IFR anticipated 3.013 million claims in the week.

“Welcome improvement is seen with the new jobless claims numbers, essentially in line with expectations — of course, new claims reflect recent job loss, rather than the pace of hiring as such,” according to Mark Hamrick, Bankrate’s senior economic analyst. “The newly unemployed who are inclined to work should face generally positive prospects, an employment safety net, so to speak.”

He added that other indications of “solid improvement” in the job market, including steady hiring and a lower unemployment rate, but the Delta variant “could weigh on activity” through the rest of the year.

“On the downbeat side of the ledger, restaurant reservations and airline travel appear to be seeing some impacts from the surge in the Delta variant, which could weigh on economic activity here in the second half of the year,” Hamrick said. “These impacts could be quickly reversed if we see a substantial easing in the case numbers.”

Also released Thursday, the producer price index gained 1.0% in July, after an unrevised gain of 1.0% in June and the core also grew 1.0%, following an unrevised 1.0% climb in June. Year-over-year PPI rose 7.8% and the core grew 7.5%.

Economists expected the headline number to grow 0.6% and the core to increase 0.5% in the month and 7.4% and 5.6% for the annual growth, respectively.

“The PPI for intermediate demand is accelerating even more rapidly, suggesting that the pipeline for inflation is building,” said Berenberg chief economist for the U.S., Americas and Asia Mickey Levy. “If aggregate demand remains strong, as we have been forecasting, then businesses will have flexibility to raise product prices along their supply chains and to consumers.”

He added that the “acceleration” of the PPI and high CPI “are not surprising” and consistent with “a wide array of anecdotal evidence.”

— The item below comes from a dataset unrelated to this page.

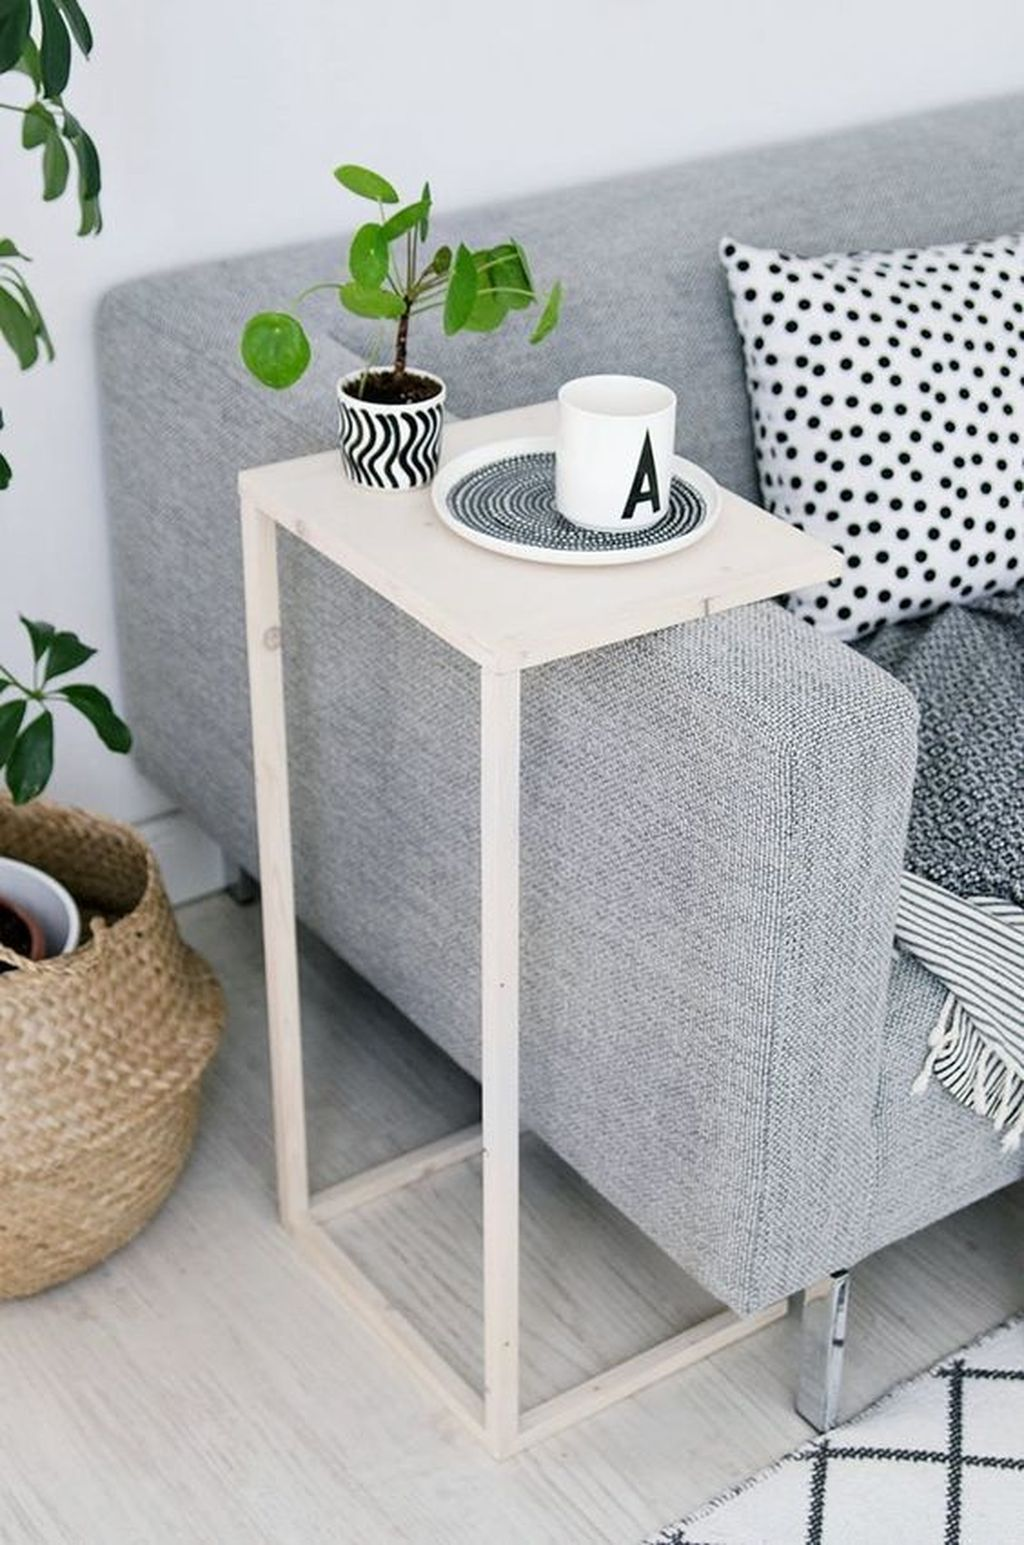 Brilliant Tiny Apartment Decorating Ideas You Should Copy 31
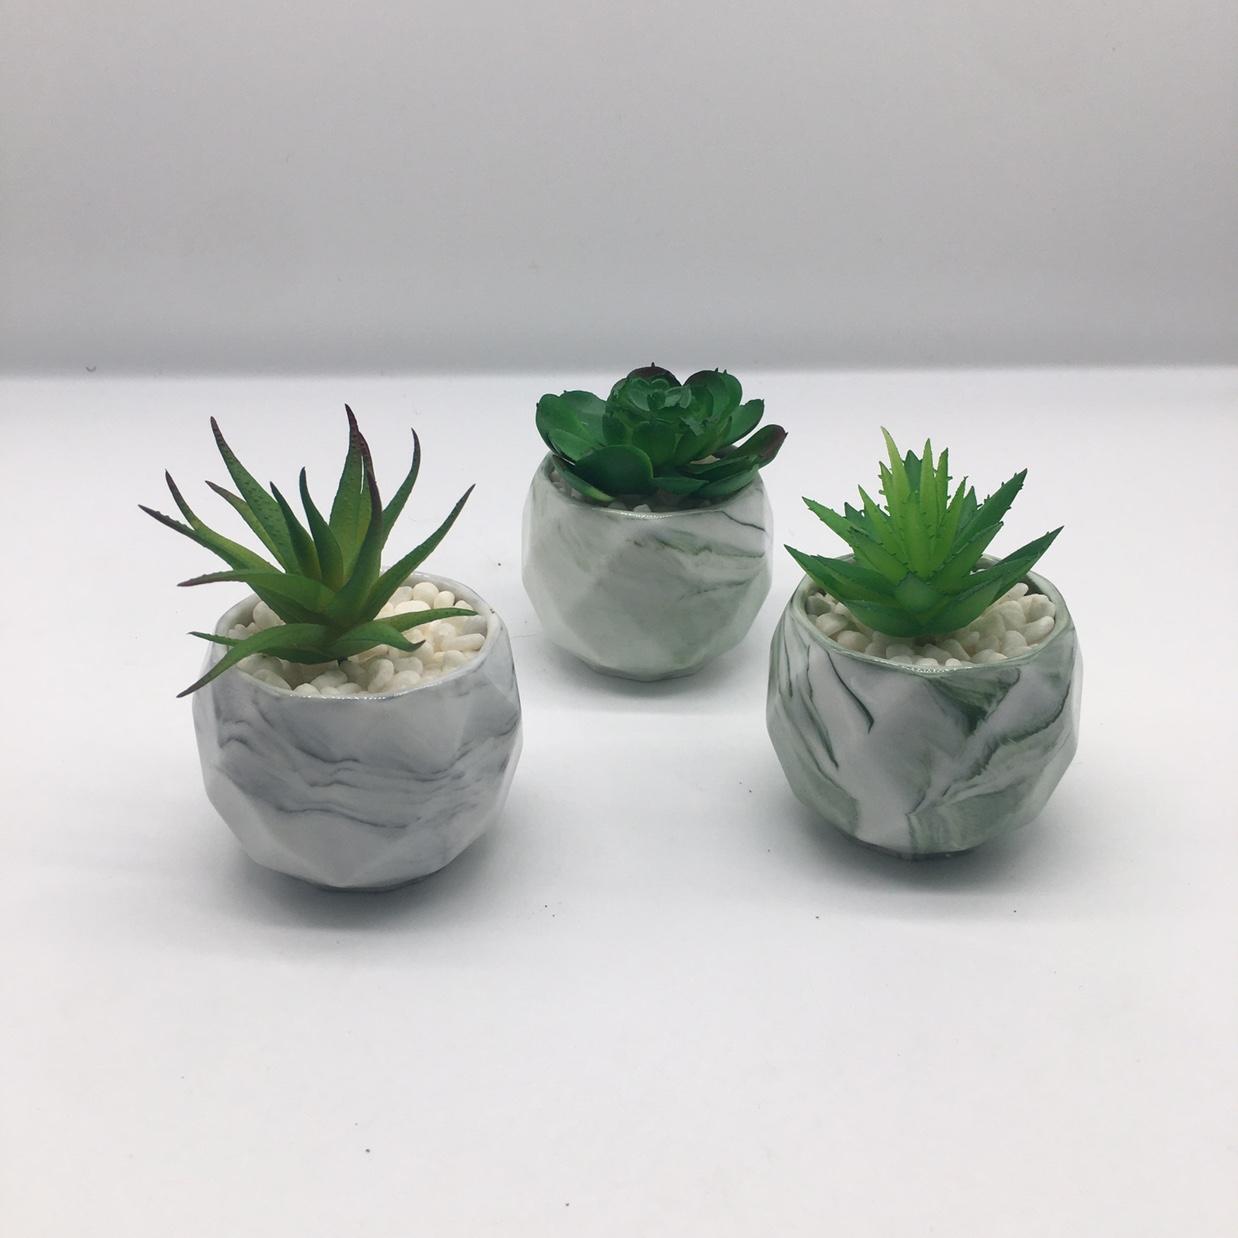 陶瓷多肉花盆大理石纹含植物

“Pressures on production costs will remain, as businesses must raise production to meet strong demand and replenish depleted inventories while dealing with supply bottlenecks and labor supply shortages,” Levy said, noting that “unprecedented” monetary and fiscal stimulus are expected to generate sustained strong growth in aggregate demand.

“Some of the price increases reflect supply bottlenecks; however, more and more, the mounting inflation pressures at the producer and consumer levels are taking on characteristics of traditional cyclical inflation generated by excess stimulus rather than temporary blips that will conveniently dissipate,” he said.

Chip Barnett contributed to this report.